Home

The fast, most optimal, and correct HTML & XML parsing library

MarkupEver is a modern, fast (high-performance), XML & HTML languages parsing library written in Rust.

- Fast

Very high performance and fast (thanks to html5ever and selectors).

Benchmarks
- Easy To Use

Designed to be easy to use and learn.

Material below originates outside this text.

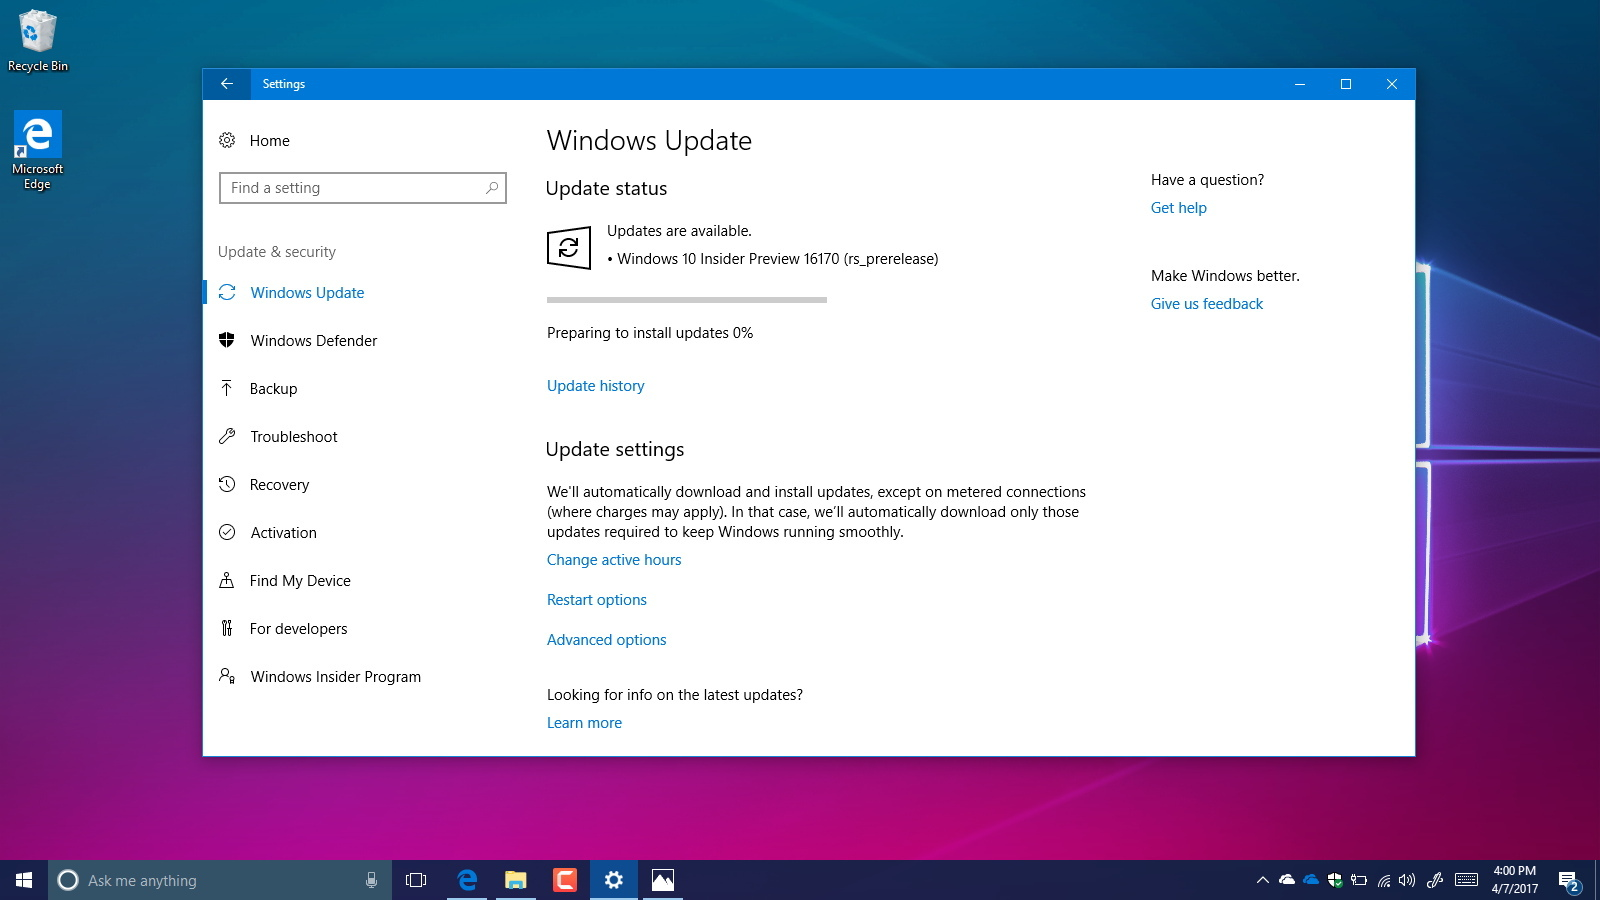 Windows 10 build 16170

Completion everywhere.

Examples
- Low Memory Usage

It boasts efficient memory usage, thanks to Rust's memory allocator, ensuring no memory leaks.

Memory Usage
- Your CSS Knowledge

Leverage your CSS knowledge to select elements from HTML or XML documents effortlessly.

Querying

Installation

You can install MarkupEver using pip:

$ pip3 install markupever

Use Virtual Environments

It's recommended to use virtual environments for installing and managing libraries in Python.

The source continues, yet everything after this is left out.